I love my wife but she's not the high-school sweetheart I married - she's gone from slim, active, fun-loving and sexy, to overweight, exhausted, and uninterested in sex.
I'm not a jerk. I realize that three kids, all born 18 months apart, changed her life. But they're all in school and she won't even consider going to work. She says she's out of touch with the work world, and hasn't the right wardrobe or attitude for it.
So how come if she's home all day while I'm the one working long hours, she can't get rested and enthused for our sex life? Even when it happens, it's always hurry-up, so she can fall asleep.
She's tried countless diets, gives up and gains back more weight, then gets depressed and avoids me in bed even more. I'm so fed up I'm thinking of going elsewhere for sex!
Frustrated and Restless
Okay you're not a jerk, and - understandably - you're VERY frustrated; you're also hurt, feeling neglected, and throwing up your hands in response. Ironically, it's similar to your wife giving up on her self-image, which is what affects her feelings about sex.
You were a hot team in high school, but married life and raising kids have chilled your joint ability for teamwork and problem solving.
Sex isn't the main issue, though it's how she pushes you away, and how you assess your life with her. It's the symptom. The overriding problem is that you two have gone separate ways while under the same roof.
Your wife has ALSO lost the girl she was, but hasn't found the woman she wants to be. Help her the best you can. Instead of urging more sex, urge more togetherness, more time together doing things outside the house, with and without the kids.
Go to a nutritionist together, and learn to re-direct how the family shops and eats; bring exercise into your family schedule - anything from regular walks, to tossing a ball at a park, to a family gym membership.
As you show your wife more attention, she'll respond with increased confidence. That may be enough to spark greater intimacy, more and better sex, more self-care on her part. If you still need a boost to keep it going, try going for couples' counseling together, with positive intent.
I'd been a manager for a life insurance company then got unexpectedly terminated. Within days I suffered physical pains and my physician diagnosed depression. He prescribed medication and referred me to a psychologist.
Weeks later, I submitted my disability claim; two months later it was reviewed. They retroactively approved my short-term claim but I was no longer eligible due to the delay.
However, I could now apply for long-term benefits. I re-submitted my application along with physician and psychologist reports. I was informed I'd be sent for assessment by the company's "independent" psychiatrist.
It looks like "my own" insurance company's stalling to avoid paying.
Upset
Don't let the process add to your pain. Unfortunately, it's not unusual for insurance companies to take time dealing with mountains of claims, and seek confirmation of medical reports.
What's truly miserable is the effect these delays can have on people already ill and worried about finances. I strongly advise you to protect your emotional health by getting someone trusted (family, friend, insurance broker) to diligently spearhead this claim for you, and to investigate all available ways to lodge any complaints.

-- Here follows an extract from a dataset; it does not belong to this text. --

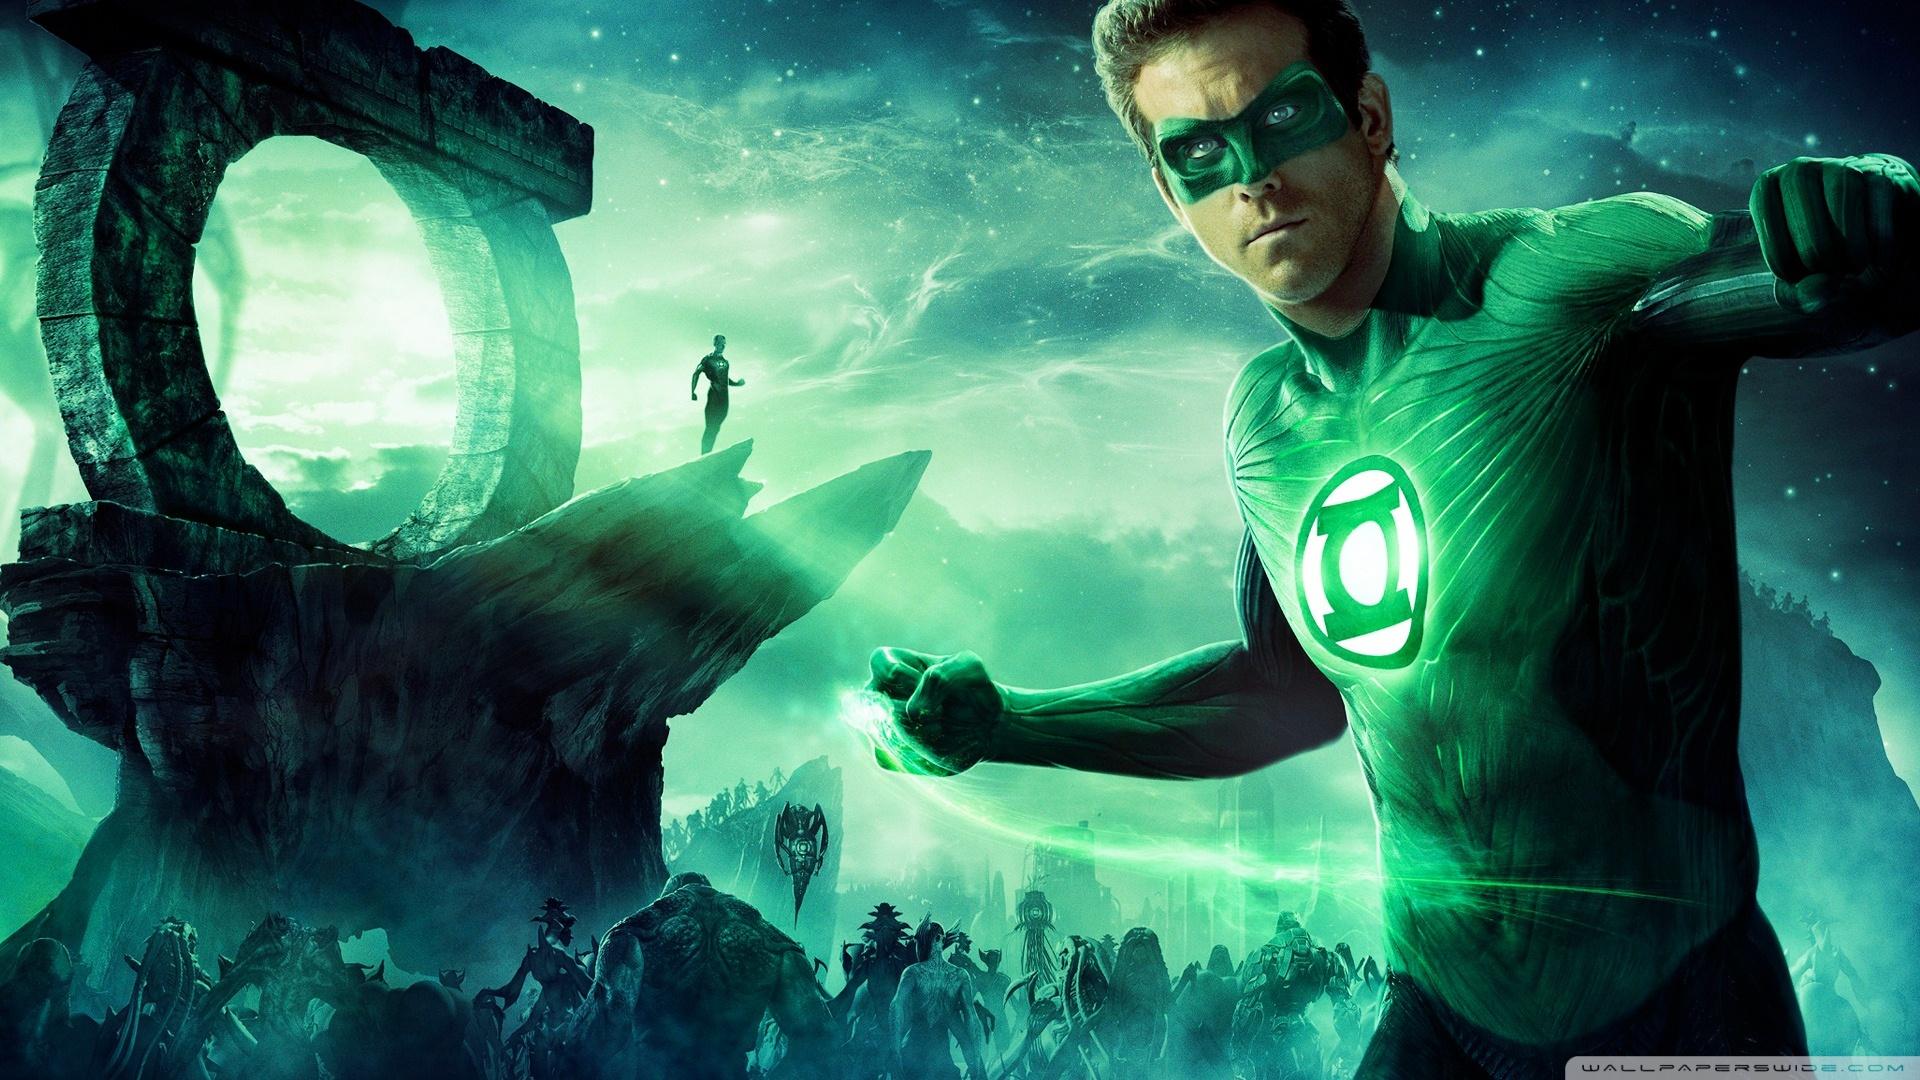 green_lantern_2011_movie-wallpaper-1920x1080.jpg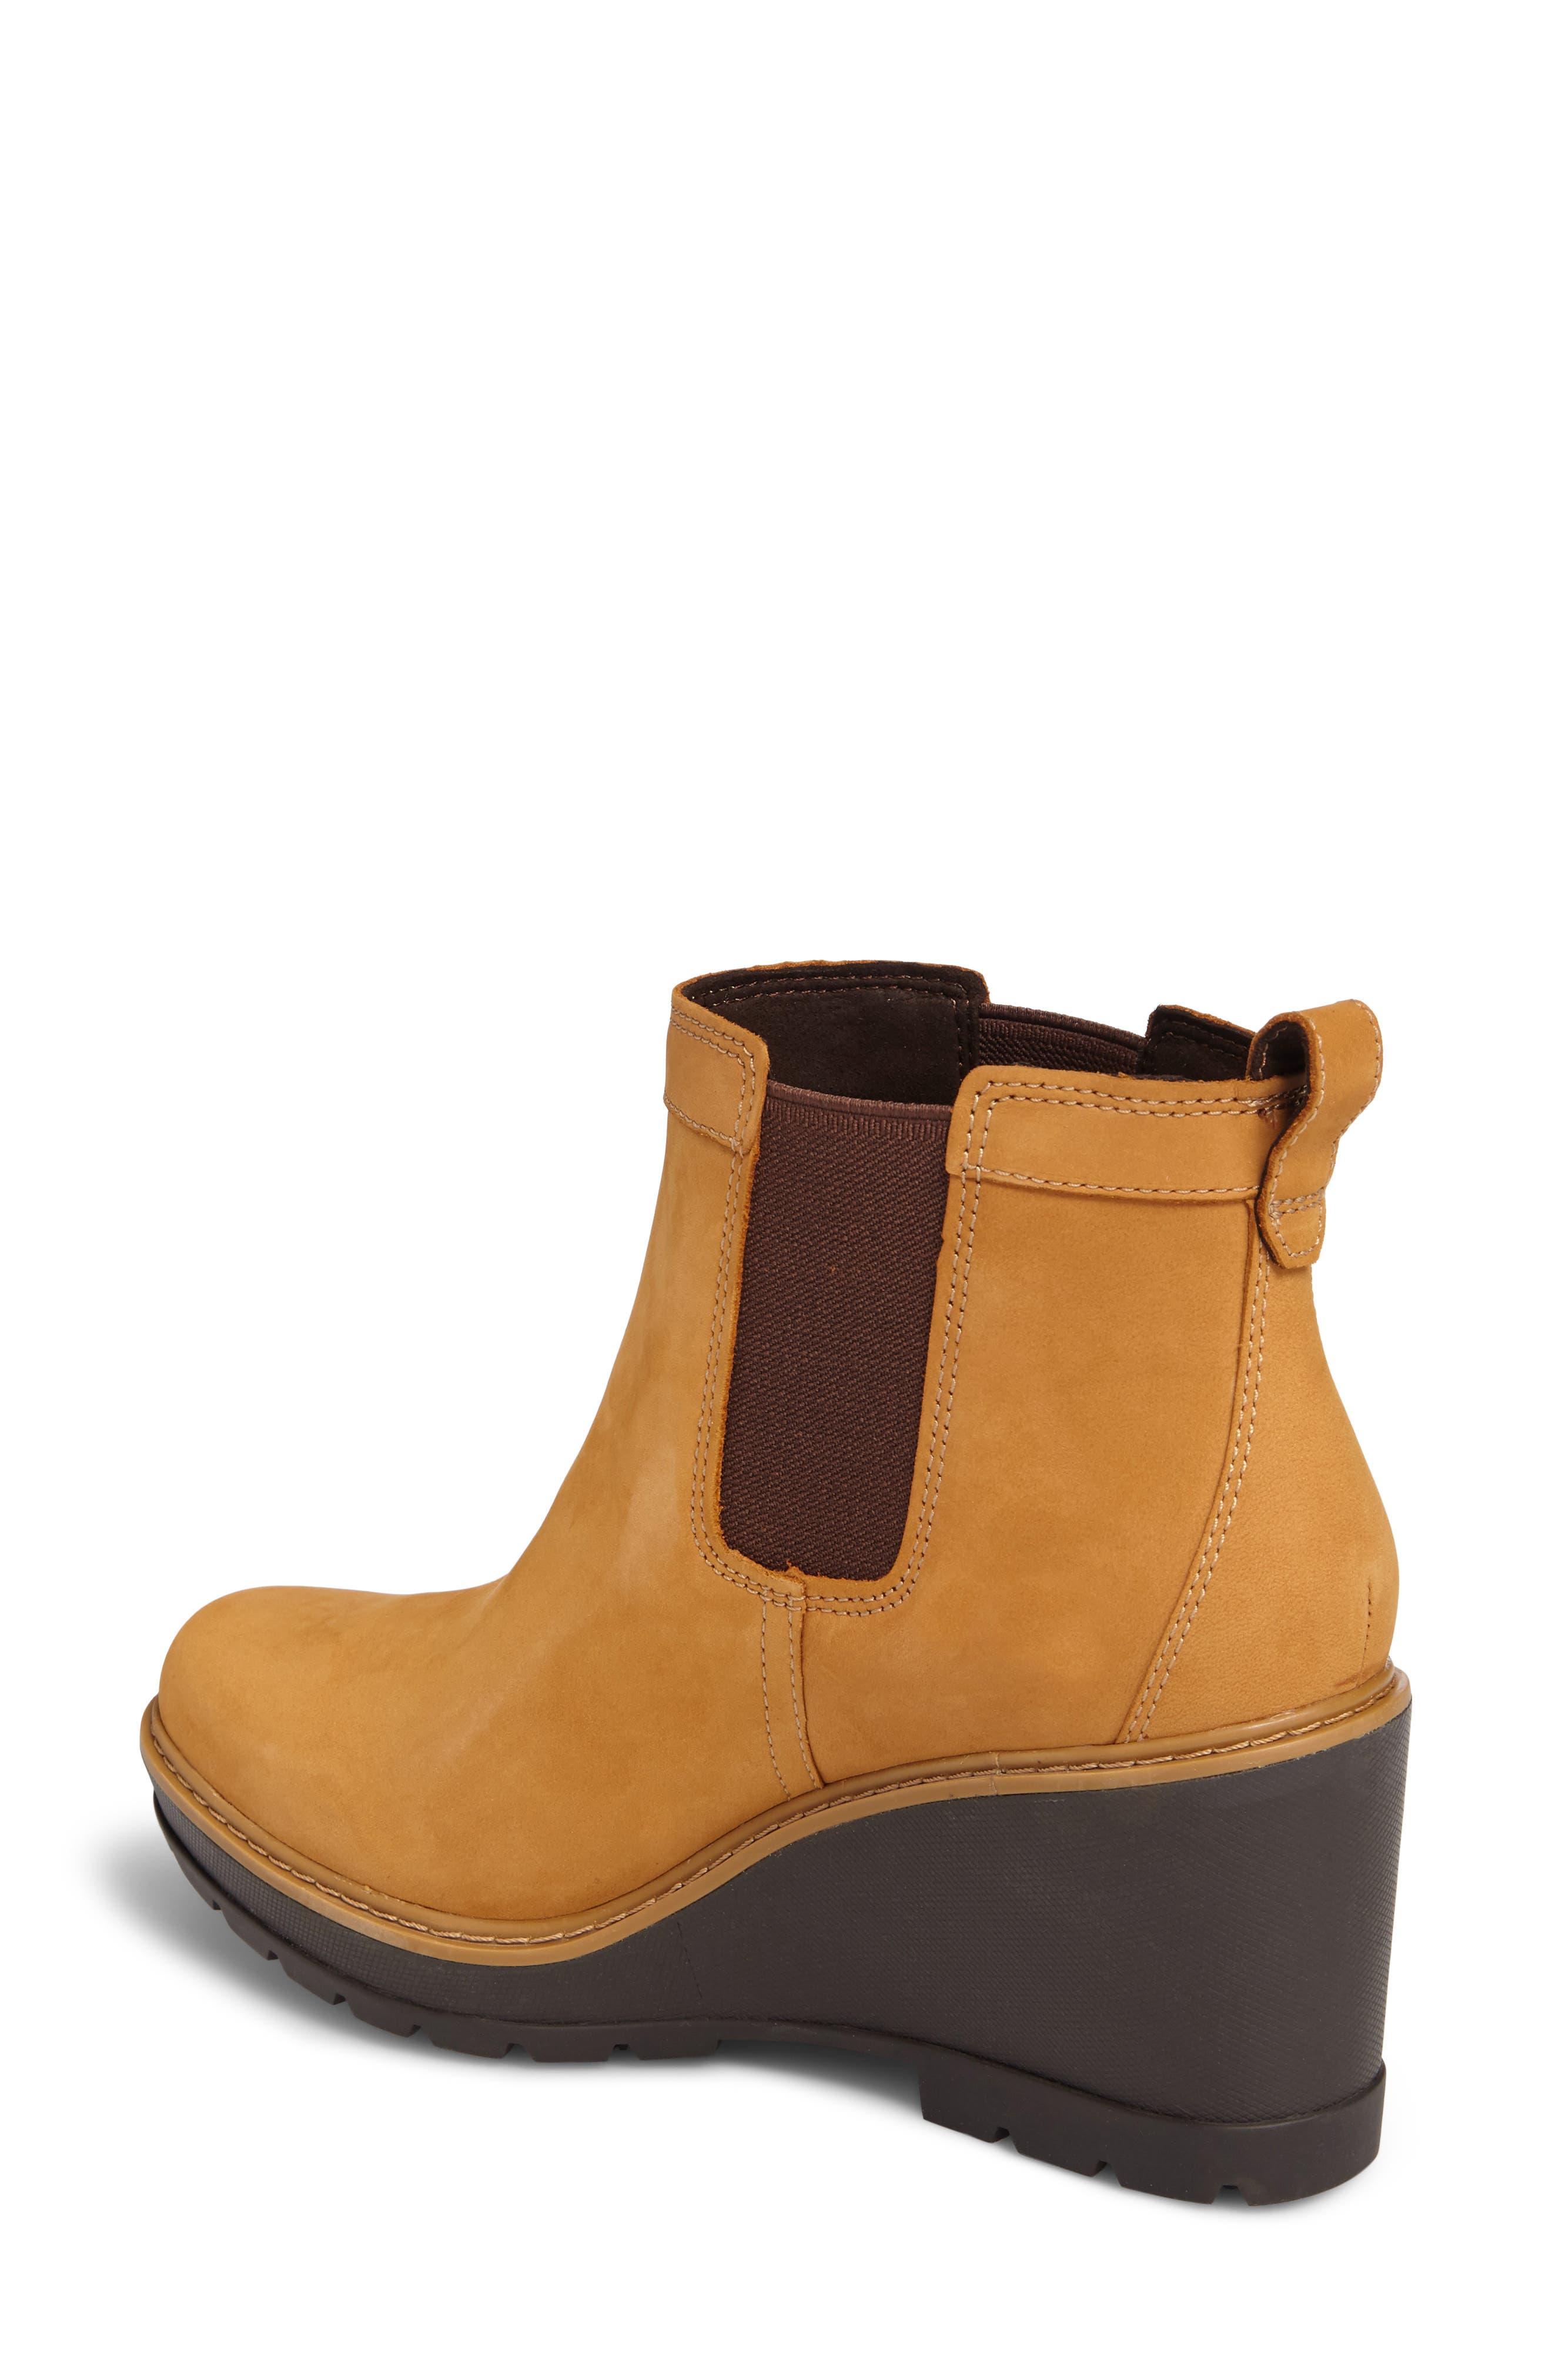 Kellis Water Resistant Chelsea Wedge Boot,                             Alternate thumbnail 2, color,                             211

I work in New York for a Paris-based company; on a flight to a home-office meeting, I met a divorced French lawyer and we hit it off. During six months of glamorous jet set and long-distance dating, we fell in love. Now he wants me to live with him in his home (a small city, not close to Paris) to decide if we'll marry.
He won't move here, as his two school-age children live in his city. I'd be giving up a great job, and taking on a completely different lifestyle. Do you think the risks are too great?
Confused
There are risks in all relationships, but when big changes are involved from the start, the feelings should be strong and sure on both sides. Take time. Ask your boss for a leave of absence for awhile or use all your vacation time "trying out" your adjustment to both the locale, and to your role as future step-Mom.
Tip of the day:
Avoiding sex is often a symptom of lost self-love, rather than lost romantic love.